Executing lambda expressions in distributed environments can be problematic due to the static nature of lambdas. Only the metadata that describes the lambda is sent across the wire. Therefore, the same compiled code is required in both the client and server classpath. Any changes or additions of new lambda expressions on the client require a redeployment and restart of both the client and the server. In addition, synthetic lambda method names are not stable across class versions. Therefore, all cluster members must have the exact version of a class and must be upgraded, including extend clients, at the same time.

To overcome these limitation, a dynamic implementation for lambdas is provided. The dynamic implementation sends both the lambda metadata and the actual byte code to be executed. Client-side byte code is parsed and then from it a new lambda class is generated. On the server, a lambda class is created based on the byte code received from the client, and executed. The dynamic implementation:

  • allows modification of existing (or the introduction of new) behavior without the need for redeployment or server restart.

  • eliminates the issues related to lambda naming instability.

  • allows multiple different versions of a class throughout the cluster.

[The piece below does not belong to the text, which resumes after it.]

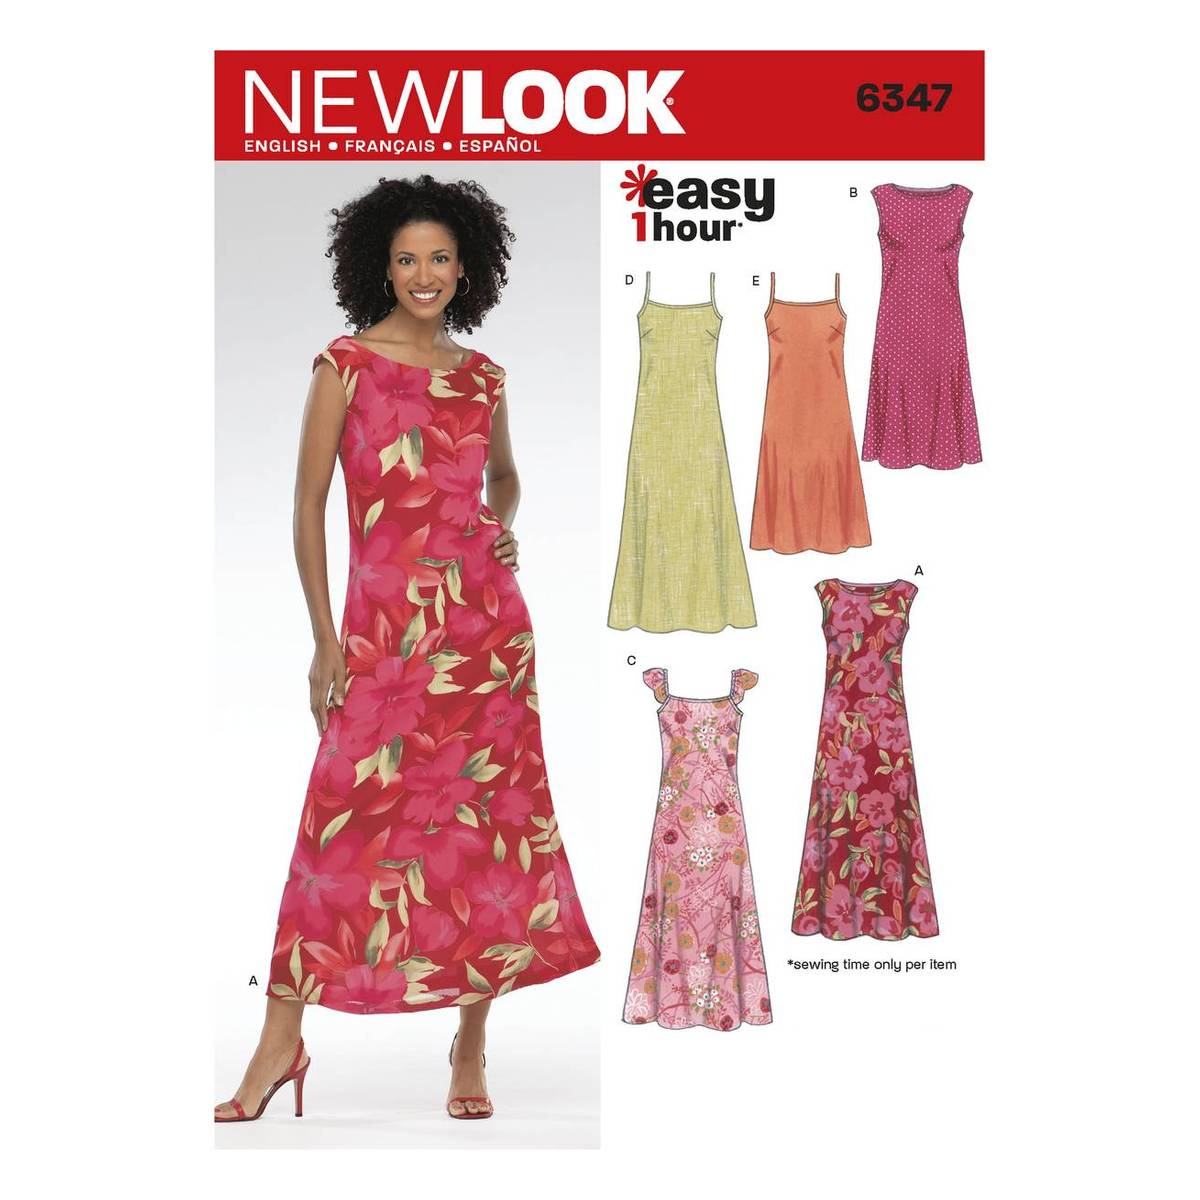 Amazon.com: Simplicity New Look Pattern D0611/6372 Misses Dress with  Variations Size 6-18 : Arts, Crafts & Sewing

To ensure that the dynamic implementation works correctly, do not refer to named methods and constructors in a lambda expression, because method and constructor references are always treated as static lambdas. In addition, the dynamic implementation captures only enclosing method arguments and local variables.

Coherence has been using dynamic lambdas implementation in a distributed environment since Coherence release 12.2.1. To provide users the ability to choose between the convenience and flexibility of dynamic lambdas and the enhanced security of static lambdas, a configuration option has been added to enable configuration between using dynamic and static lambdas. The system property coherence.lambdas enables configuration of Coherence clients/extend clients/proxies/servers to use either dynamic or static lambdas. By default, the lambdas in a distributed environment will remain "dynamic". If static lambdas are to be used, all Coherence clients and extend clients/proxies/servers must be configured with the system property coherence.lambdas set to static. Otherwise, any attempt to send a dynamic lambda from a Coherence client configured with dynamic lambdas to a Coherence server member configured with static lambdas will result in a lambda invocation failure. A Coherence server configured with “dynamic” can handle both static or dynamic client lambda invocations.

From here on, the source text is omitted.